Hak para penagih (ghurama’) tergantung dengan harta
yang ada sebelum dihajr dan tergantung hartanya yang baru setelah dihajr,
seperti mendapatkan warisan, denda akibat jinayat, wasiat, dsb. sehingga harta tersebut terkena hajr juga
seperti ketika belum dihajr. Oleh karena itu, tindakan pada hartanya tidak
boleh diberlakukan setelah dihajr apa pun bentuk tindakannya. Dan tidak sah
pengakuannya ada untuk orang lain pada sedikit hartanya, karena hak-hak ghurama
tergantung dengan satuan-satuan hartanya, sehingga tidak diterima pengakuannya.

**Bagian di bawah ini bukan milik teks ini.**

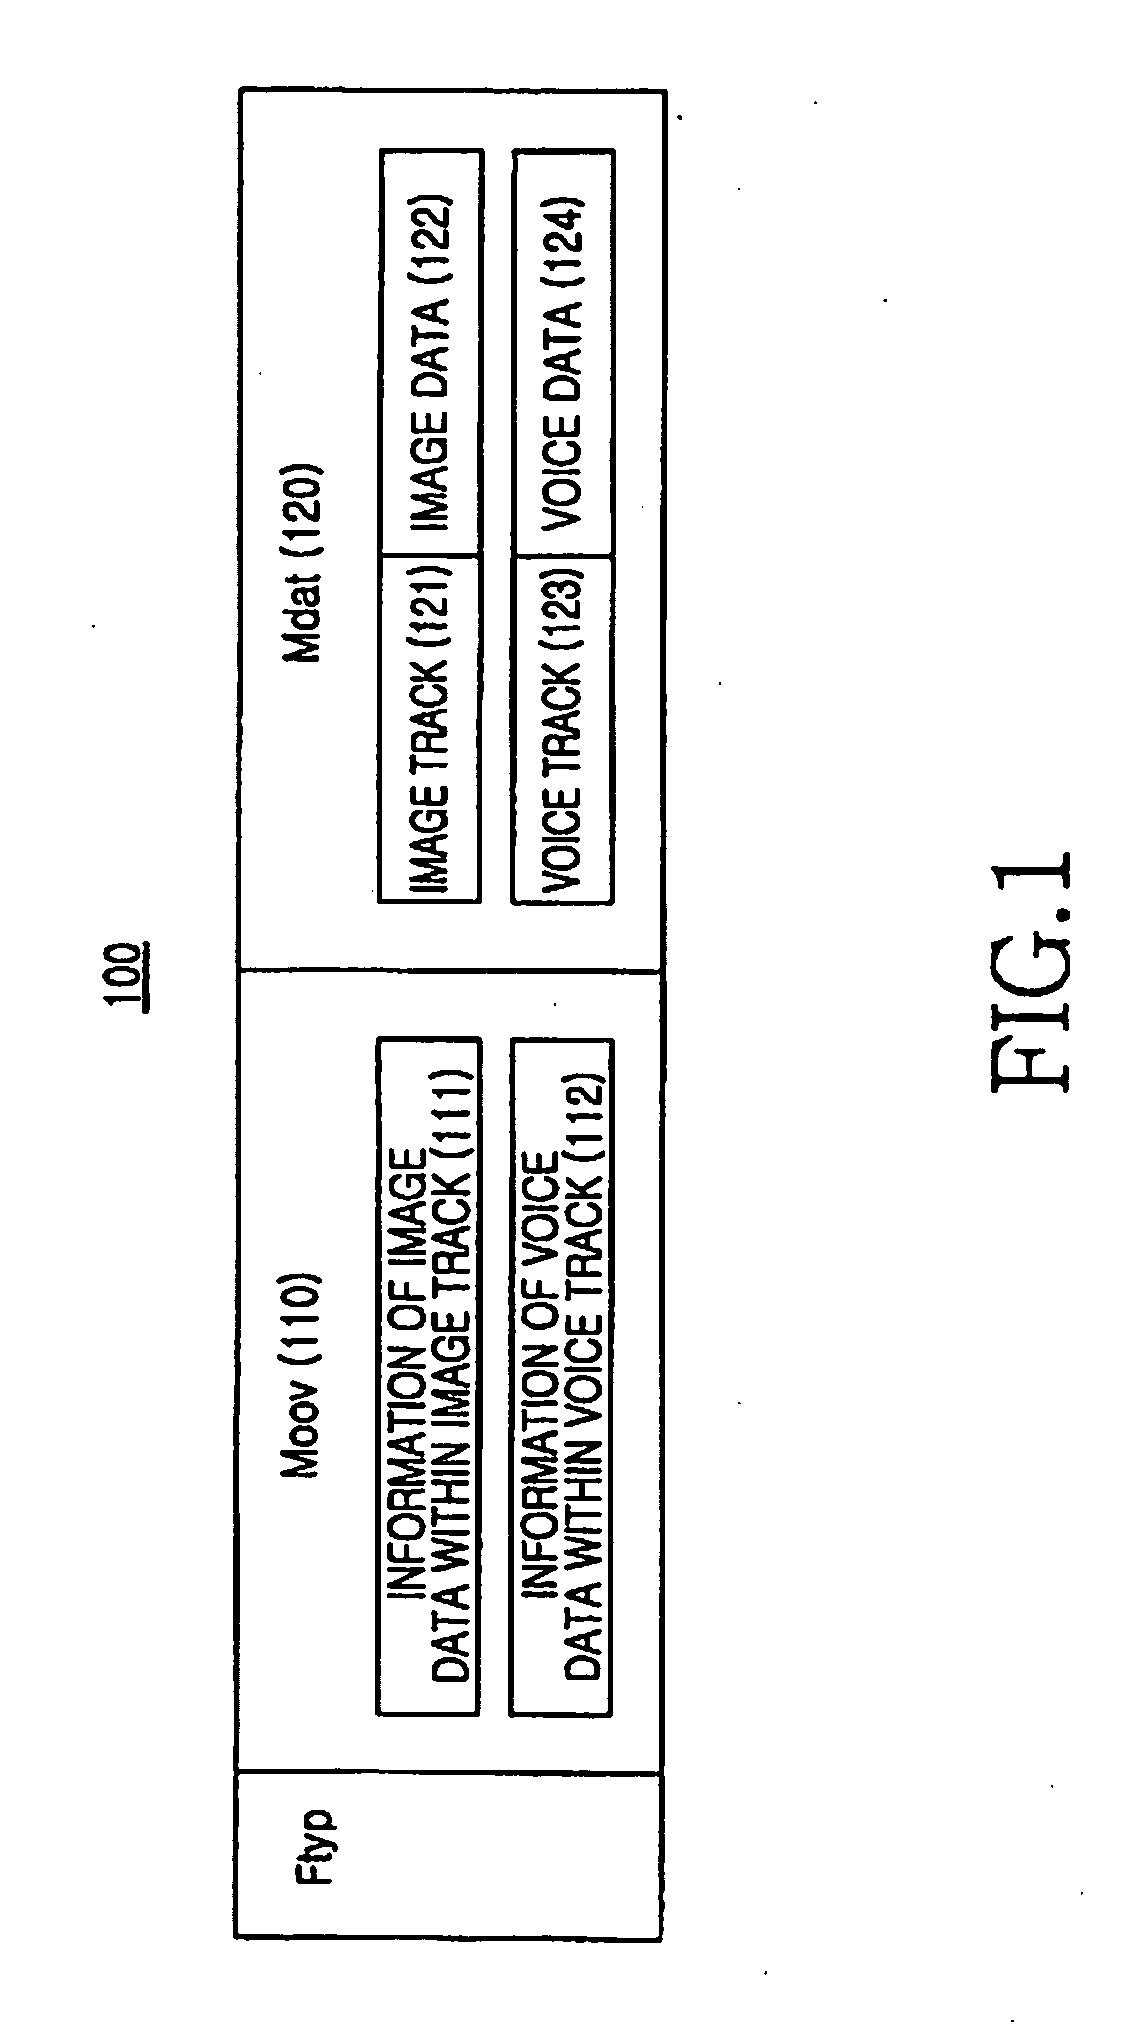 System and method for generating and reproducing 3D stereoscopic image file including 2d image

Bahkan sebelum dihajr ia dilarang melakukan tindakan pada hartanya yang bisa
memadharratkan para pemberi hutang (ghurama’).
Imam Ibnul Qayyim mengatakan, “Apabila
hutang-hutangnya menghabiskan hartanya, maka tidak sah tabarru’nya (infaqnya)
yang memadharratkan para pemilik hutang, sama saja baik hakim menghajrnya
ataupun tidak menghajrnya, inilah madzhab Malik dan yang dipilih oleh guru kami
(yakni Syaikhul Islam Ibnu Taimiyah).”
Ibnul Qayyim melanjutkan, “Inilah yang
benar, inilah yang sesuai dengan prinsip-prinsip madzhab tidak selainnya, bahkan
yang diinginkan oleh dasar-dasar syara’ dan ka’idahnya, karena hak ghurama’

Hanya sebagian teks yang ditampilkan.